During the procedure, the surgeon places a long, thin tube (catheter) down the back of your mouth and into your esophagus. Next, the surgeon places a folded-up hollow tube (stent) over the catheter in the correct position across the blockage. The stent expands against the walls of your esophagus, giving support. Then the surgeon removes the catheter and leaves the stent in place.
You might need an esophageal stent for a number of health problems. Traditionally, healthcare providers have most often used esophageal stents to treat esophageal cancer. That is still the most common reason. But these stents are also used to treat:
- Cancer of the top part of the stomach
- Narrowing of the esophagus from an ulcer
- Narrowing of the esophagus from radiation treatment
- Abnormal opening between the trachea and esophagus
- Hole in the esophagus
Any of these health problems can cause dysphagia. Dysphagia is serious because it can lead to aspiration. During aspiration, you inhale food and stomach contents into your lungs. That can lead to complications like pneumonia. Dysphagia also lowers your quality of life. An esophageal stent can help ease these problems.
Even if you have esophageal cancer, you may not need an esophageal stent. In some cases, your healthcare provider may be able to treat your cancer with surgery or chemotherapy instead. If these therapies won’t work for you, an esophageal stent may be another option. In other cases, a gastrostomy tube or jejunostomy tube might make more sense for you. These tubes go straight from your outer abdomen to your stomach or small intestine. Talk with your healthcare provider about all your treatment choices.
Esophageal stent procedures are relatively safe. But they do sometimes cause problems later. These might include:
- Pain in the esophagus
- Bleeding (usually mild)
- New hole in the esophagus (rare)
- Movement of the stent
- Tumor growth into the stent
- Gastroesophageal reflux
There is also a risk that you will need a repeat procedure because of one of these complications. Your own risks may vary based on the nature of your esophageal problem, your other health problems, and the type of stent used. Talk with your healthcare provider about all your concerns.
Talk with your healthcare provider about what you should do to get ready. You may have to stop eating and drinking the night before your procedure. Follow your healthcare provider’s instructions about what medicines to take or not take beforehand. Don’t stop taking any medicine unless he or she tells you to do so. Plan to have someone available to drive you home afterward.
Tell your healthcare provider about the following:
- Any allergies or past problems with anesthesia
- Any new health problems, like a recent fever
- If you are pregnant or might be pregnant
Your healthcare provider might order some tests before your procedure. These might include a barium swallow test. It can give more information about the anatomy of your esophagus. Just before the procedure, you may receive an IV. It can deliver medicine to you during the procedure.

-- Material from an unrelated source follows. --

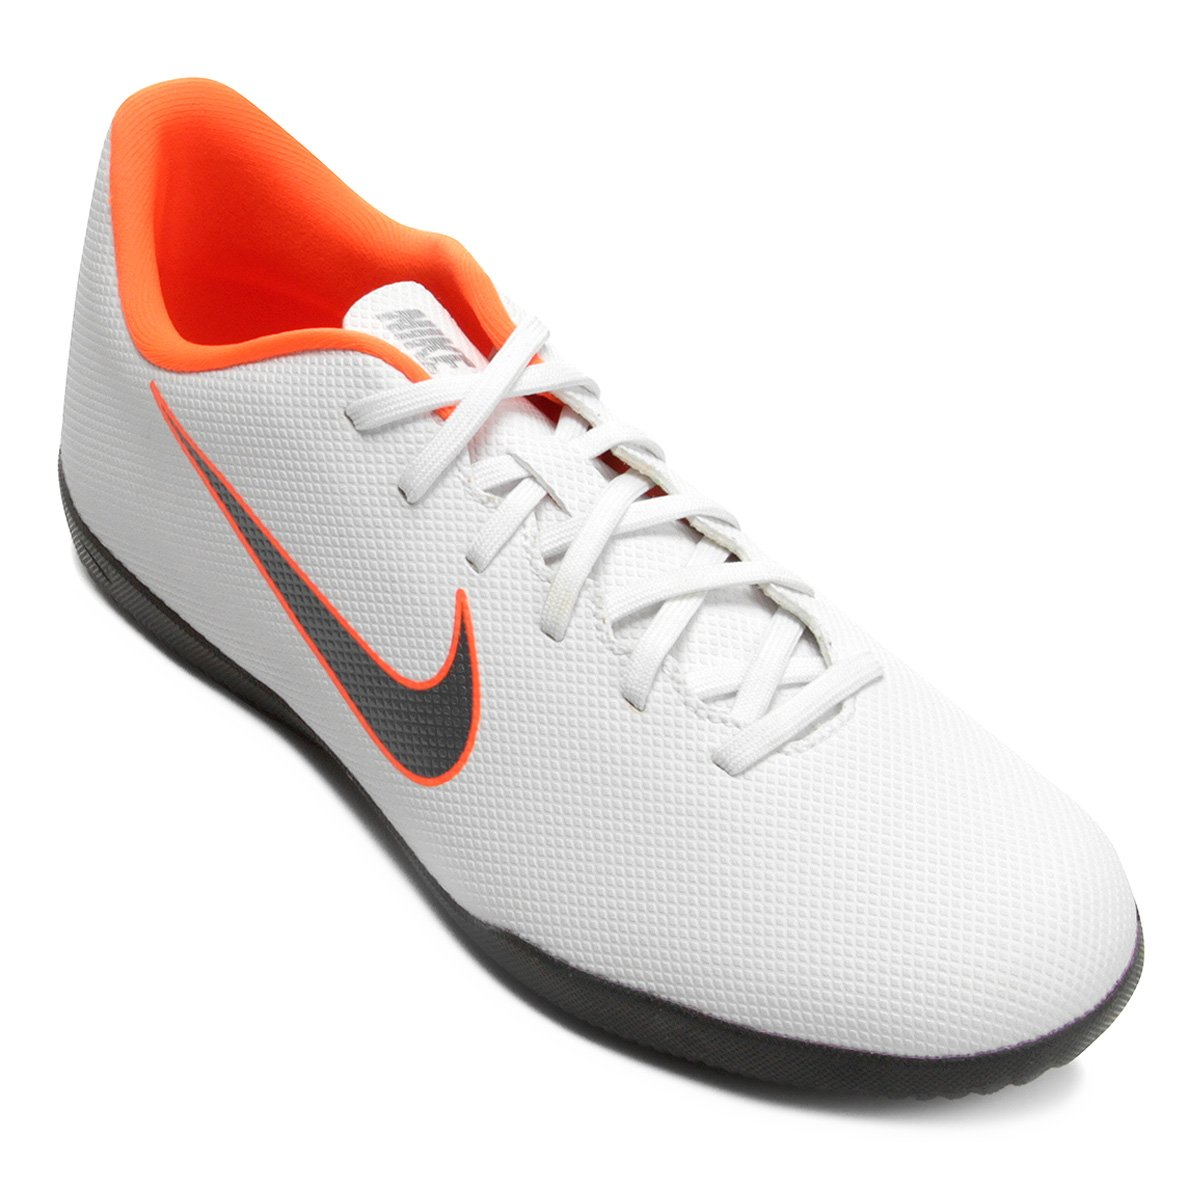 ea09dbc20f Chuteira Futsal Nike Mercurial Vapor 12 Club - Branco e Cinza - Compre  Agora

Your healthcare provider can let you know what to expect. The details of your procedure may differ somewhat. It will usually take around an hour. In general, you can expect the following:
- If you are having conscious sedation, medicine will be given through an IV to make you feel sleepy and relaxed during the procedure. You may also have a numbing medicine put on the back of your throat. You may not remember the procedure afterward.
- If you are having general anesthesia, medicine will be given through an IV to make you sleep deeply and painlessly.
- During the procedure, your heart rate, blood pressure, and other vital signs will be carefully watched. If needed, you might get extra oxygen. Your healthcare provider may use continuous X-ray images to view the procedure. In other cases, he or she might use a long, thin device with a small camera (endoscope).
- The healthcare provider will slowly put a catheter through your mouth and into your esophagus.
- The provider will move the folded-up esophageal stent over the catheter to the blockage site. The stent is often made of metal or plastic. It will then open up against the wall of the esophagus.
- After the procedure has been completed, the provider will remove the catheter from your esophagus. The stent will stay in place.
Typically, esophageal stent placement is an outpatient procedure. You will stay for a few hours afterward while your vital signs are watched. Make sure someone is there to drive you home. You will need to take it easy for the rest of the day. In other cases, you may need to stay at the hospital overnight.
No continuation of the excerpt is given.